La primera partida me la gano fácilmente, jugo una densa y complicada variante de la Defensa India del Rey, a media partida, con todas las piezas aun en el tablero, cometí un pequeño error posicional, eso le basto para desbaratar mi defensa y en doce movidas obligarme a abandonar. Movía las piezas lentamente tomándolas con los tres dedos centrales y las dejaba caer con seguridad en el tablero como confirmando una decisión irrevocable y definitiva. Jugamos tres partidas mas y solo pude lograr unas honrosas tablas en la ultima. Conociendo ya quien era quien, iniciamos una interesante conversación sobre la variante Tchigorin, me hablo de un texto, que había heredado varios años atrás del abuelo que le había enseñado a jugar, en el que dicha variante era derrotada en forma inapelable. Mi interés en el tema lo obligo a ofrecerme su préstamo. Nos fuimos caminando hasta donde vivía, una lúgubre pensión en una casona de tres pisos, con escaleras crujientes y un olor a húmeda suciedad y muy oscura.

La pieza que habitaba era pequeña, una luz sucia que entraba por una ventana grande, ajedrezada por vidrios gruesos y cartones, apenas permitía reconocer los escasos muebles. Lo primero que llamaba la atención era el un gran anaquel de color caoba lleno de libros. Se notaba que era una mueble muy viejo, pesado, y a pesar de su notoria antigüedad estaba en excelentes condiciones. Contenía unos doscientos libros, todos se veían usados y algunos muy desgastados.
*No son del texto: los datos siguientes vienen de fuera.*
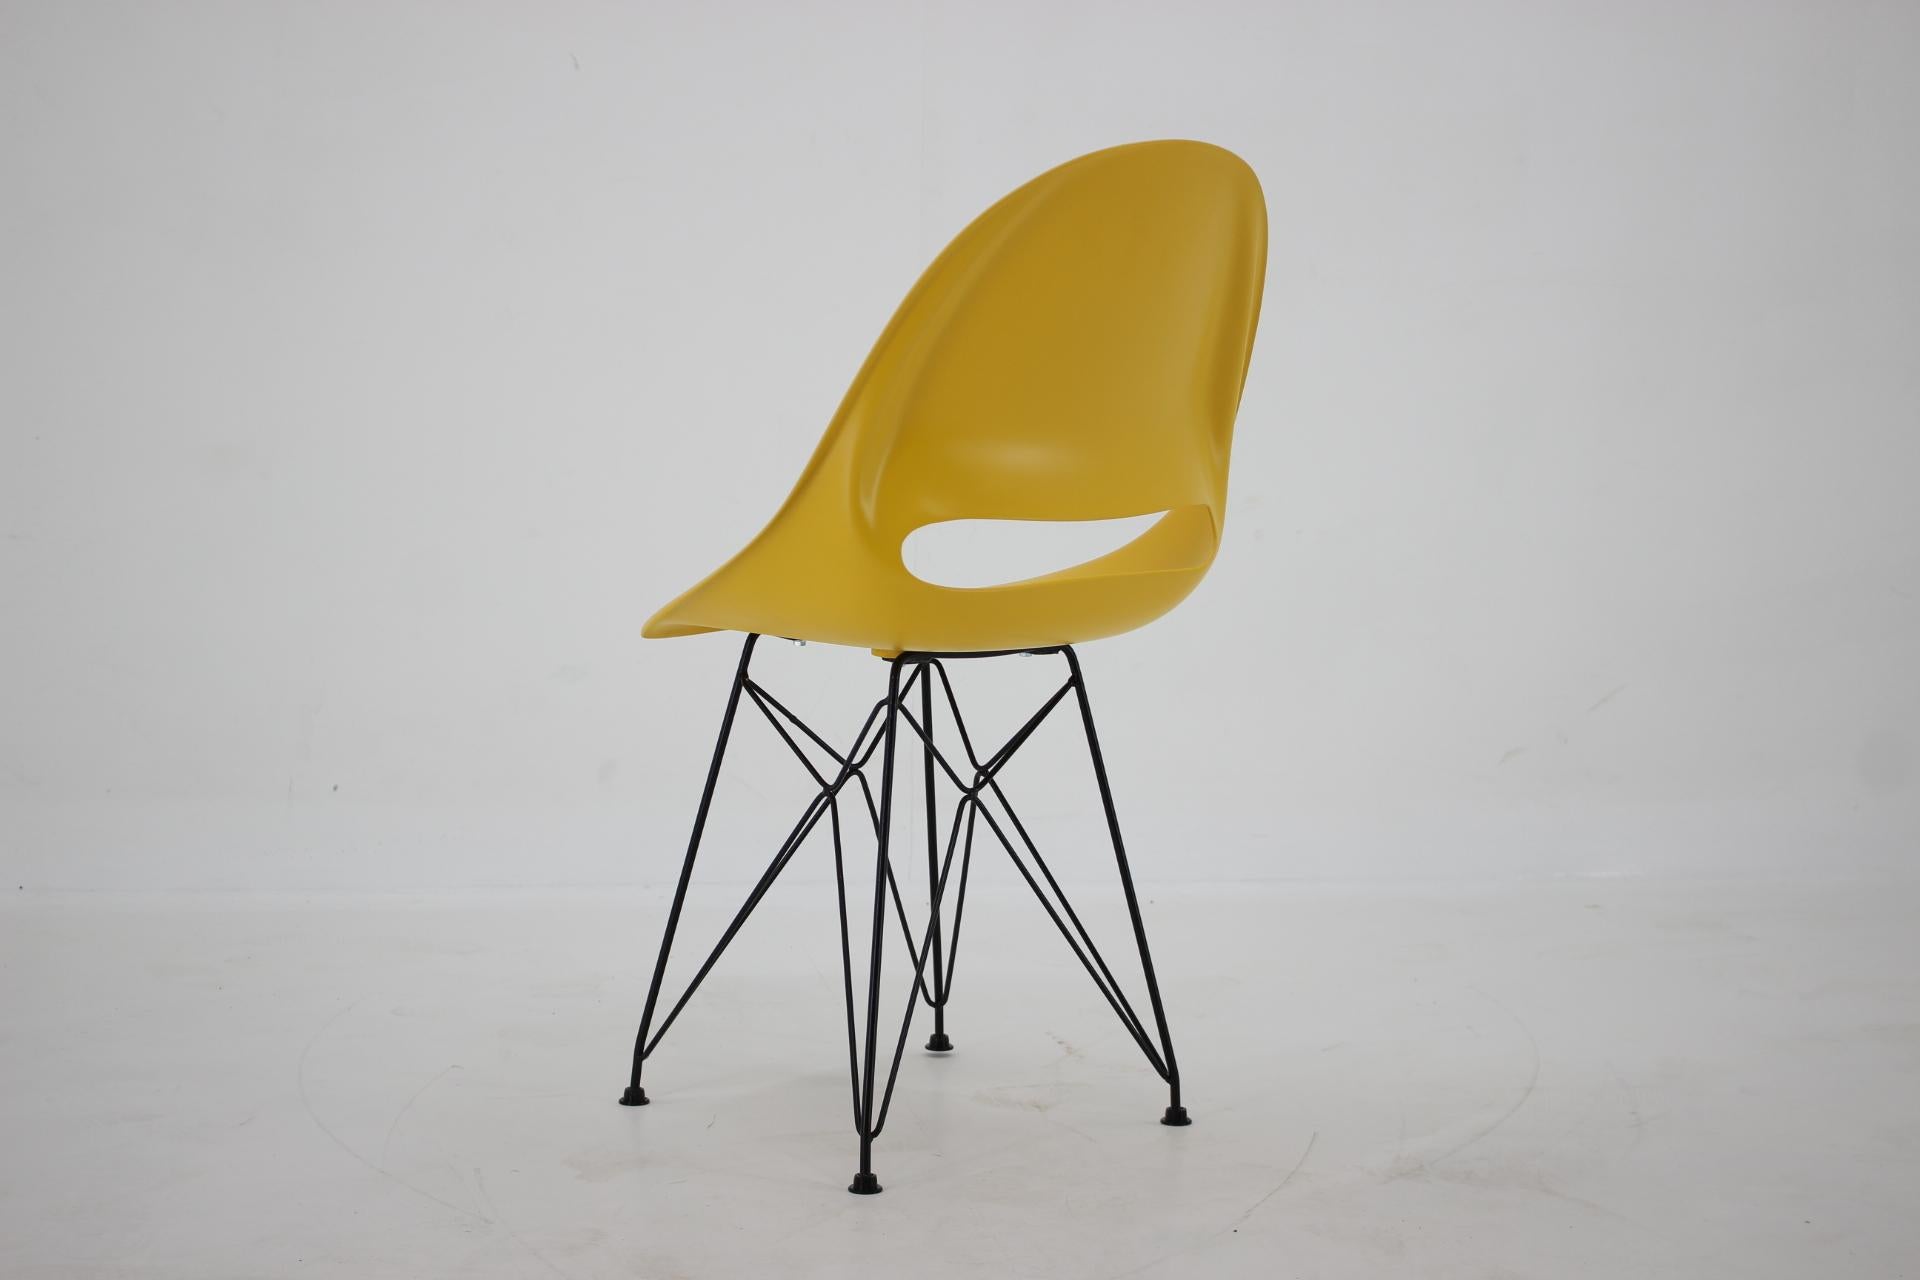 Set of 4 Midcentury Yellow Design Fiberglass Dining Chairs by M.Navratil, 1960s For Sale 4

Fue directamente hacia el librero y abrió la media puerta de la izquierda, y sin dudar extrajo el libro ofrecido. Me lo paso en silencio con un gesto como de que eso era todo. Me despedí agradeciendo la gentileza y prometiendo devolverlo antes de una semana.

No pude cumplir la promesa. Debí viajar fuera del país por más de un mes. Al día siguiente de mi llegada fui inmediatamente a su casa.

Cuando le explique entre disculpas que iba a devolverle el libro, me dijo que no era necesario pues ya tenía otro volumen. Le comente mi extrañeza porque el libro era una edición muy antigua y rara, lo que hacia casi nulas las posibilidades de encontrar otro igual.

-No lo encontré -me dijo, mirándome con unos ojos tristes- siempre que saco un libro y no lo repongo, el anaquel después de unos días llena el espacio vacío con otro igual.

Le sonreí, pensando que estaba siendo irónico para remarcar mi atraso en la devolución.

-Es cierto –me confirmó, y su voz denoto cierto cansancio, como si esta conversación ya la hubiera repetido infinitas veces.

-Pero eso es maravilloso –le dije entre asombrado e incrédulo.

-Pareciera -dijo- pero me ha condenado a leer para siempre los mismos libros.